Both the Crown prosecutor and defence lawyer in the Skipp Anderson sexual assault trial say the conviction comes at a time when sexual assault cases and victims’ voices are front and centre in society.

“I see, as we all do, that society is being more and more receptive to the voices of people who experience sexual violence and I think this is reflected in this decision,” Crown prosecutor Tamara Rock told reporters after the verdict was handed down Thursday night.

The jury deliberated for nearly seven hours and convicted the 40-year-old nightclub owner of sexually assaulting a then 22-year-old friend in July 2016 after a night of drinking and hot tubbing at Anderson’s home. The jury decided the victim did not consent when Anderson had sex with the man in a spare bedroom after the victim got drunk and blacked out.

“I can only speculate as to what was going through the jurors’ minds, but you’d have to be blind not to acknowledge it’s (sexual assault) certainly something that’s in the public's consciousness right now,” defence lawyer Brad Mitchell said after the decision.

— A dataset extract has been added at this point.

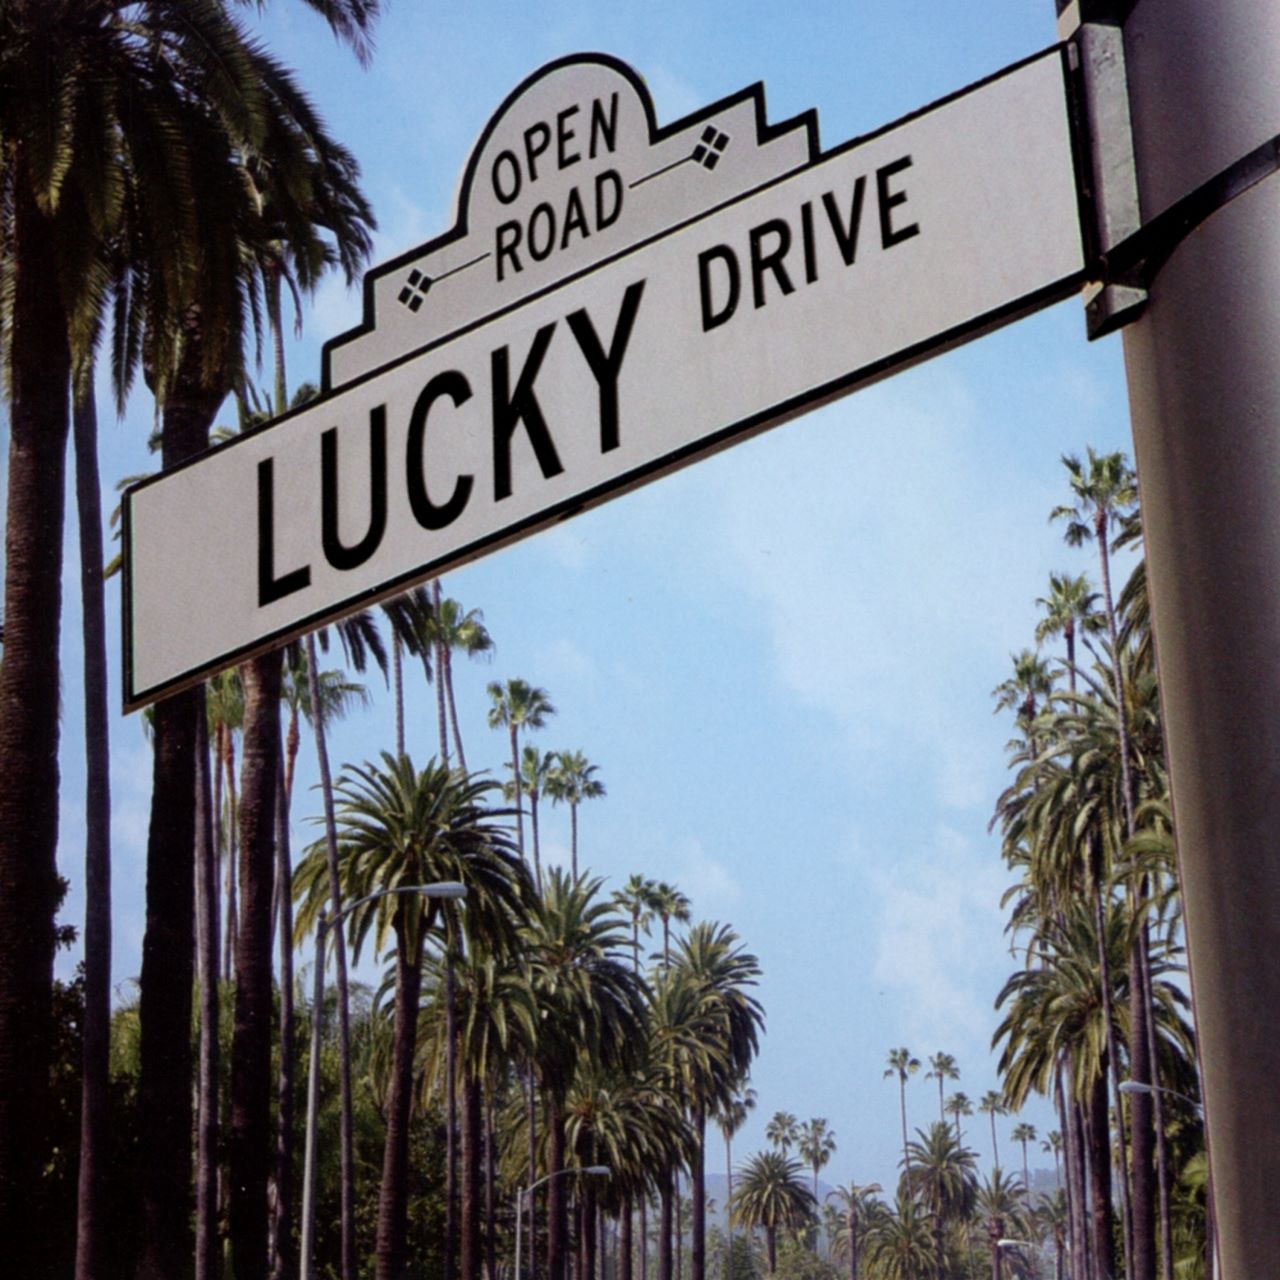 Open Road - Lucky Drive cover album

There were 95 sexual assault convictions in Saskatchewan in 2015 and 2016, according to Statistics Canada. There are no comparable numbers for total cases at that time, but the agency says between 2009 and 2014, 55 per cent of sexual assaults in Canada led to a conviction. Some Saskatoon lawyers say when it comes to sexual assault trials, a conviction is rare.

Rock said dealing with police and going through the court process has a “profound” impact on sex assault victims. It’s also difficult for victims to follow through with a complaint.

“The pressure is extraordinary. The speculation that’s put on that person’s actions is profound. It affects them in so many ways,” Rock said.

Rock called the victim in the case brave and strong and she said she’s pleased his voice could be heard.

“I’m hopeful that his experience will allow other people who experienced sexual violence to come forward,” she said.

Rock said sentences for major sexual assault cases begin at three years, but she and Mitchell wouldn’t indicate what sentence they would be arguing for.

Mitchell argued for Justice Ron Mills to grant Anderson a limited amount of time, under strict conditions, to make arrangements for the ownership of Pink Lounge and Nightclub before he be taken into custody. Mills denied the request and Anderson is scheduled back in court on March 6 for sentencing arguments.